ColossalAI
ColossalAI copied to clipboard
[BUG]: fine-tune with stable diffusion
🐛 Describe the bug
when I running the training example with cifar10, It broken with an error RuntimeError: Expected is_sm80 to be true, but got false.
As mentioned from https://github.com/HazyResearch/flash-attention/issues/51, the author said the dim_head must be 128
but the input dim_head of SD‘s attention modules is lower 128
Environment
GTX 3090 cuda 11.3 torch 1.12.1 colossalai 0.1.10+torch1.12cu11.3
Screenshots
By the way, the use_ema tag is false in training config, when I turned it on, it threw another error
English is not my native language, please excuse some of my grammar mistakes
Flash attention is not a stable feature in ColossalAi, Flash attention is an approximation algorithm for attention, the dim size must be the second power of 2
@Fazziekey thanks for your response In the colossalai's stable diffusion example, the flash_attn's tag is disable, but the readme tells us that using flash could save much gpu memory. So I turn it on
After pad the dim size to the second power of 2, like this
def _pad(self, q, k, v, dim_head):
pad = 0
if dim_head <= 32:
pad = 32 - dim_head
elif dim_head <= 64:
pad = 64 - dim_head
elif dim_head <= 128:
pad = 128 - dim_head
else:
raise ValueError(f'Head size ${dim_head} too large for Flash Attention')
if pad:
q = torch.nn.functional.pad(q, (0, self.heads*pad), value=0)

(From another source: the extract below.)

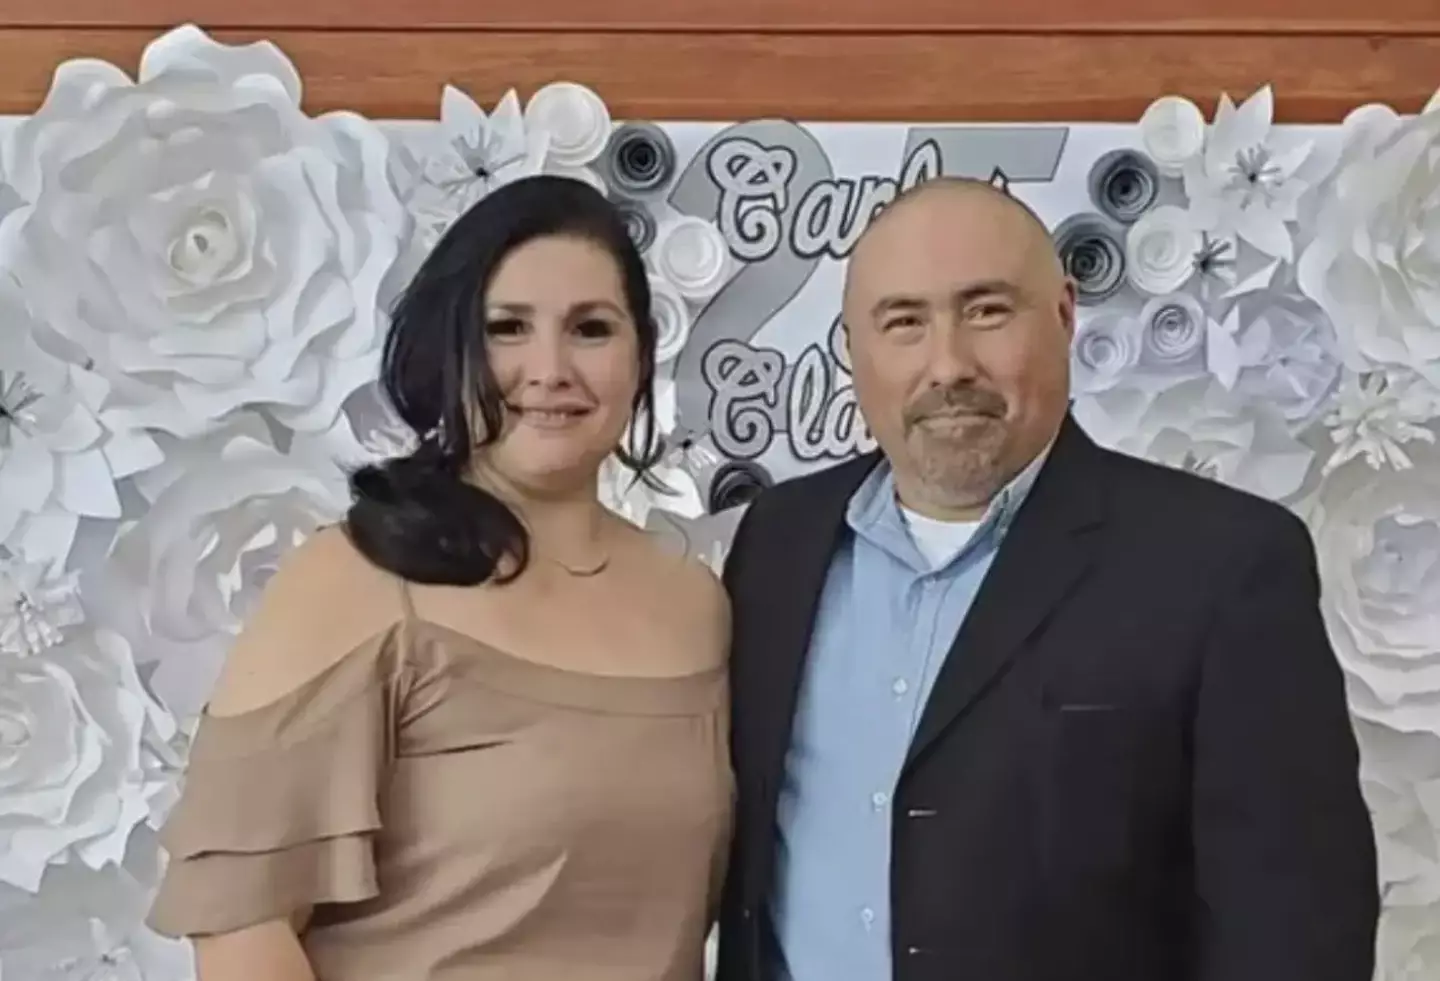 Uvalde schoolteacher Irma Garcia's husband passed away two days after the shooting.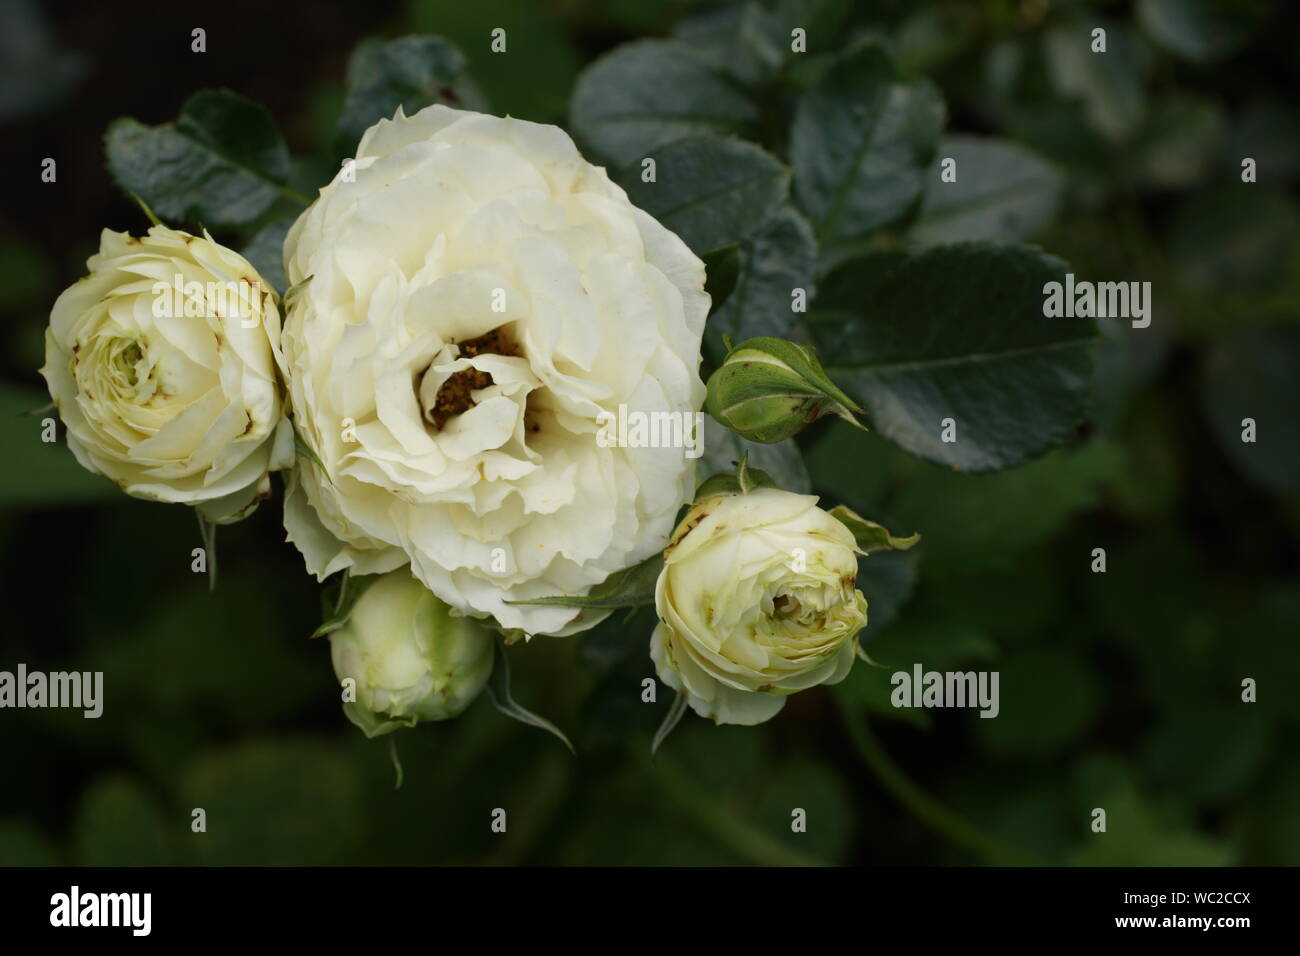 Lemon Rokoko beautiful creamy roses. Flowers in a garden in natural conditions among greenery, under the open sky. Stock Photo

k = torch.nn.functional.pad(k, (0, self.heads*pad), value=0)
v = torch.nn.functional.pad(v, (0, self.heads*pad), value=0)
return q, k, v, pad
dim_head = int(dim_head)
q, k, v, pad = self._pad(q, k, v, dim_head)
# print("in flash")
print(">>> q, k, v:", q.shape, k.shape, v.shape)
if q.shape[1] == k.shape[1]:
out = self._flash_attention_qkv(q, k, v)
else:
out = self._flash_attention_q_kv(q, k, v)
if pad:
out = out[..., :self.heads*dim_head]
But still the same error occurs
we fix the use_ema in https://github.com/hpcaitech/ColossalAI/pull/1986/files
ok, Thank you~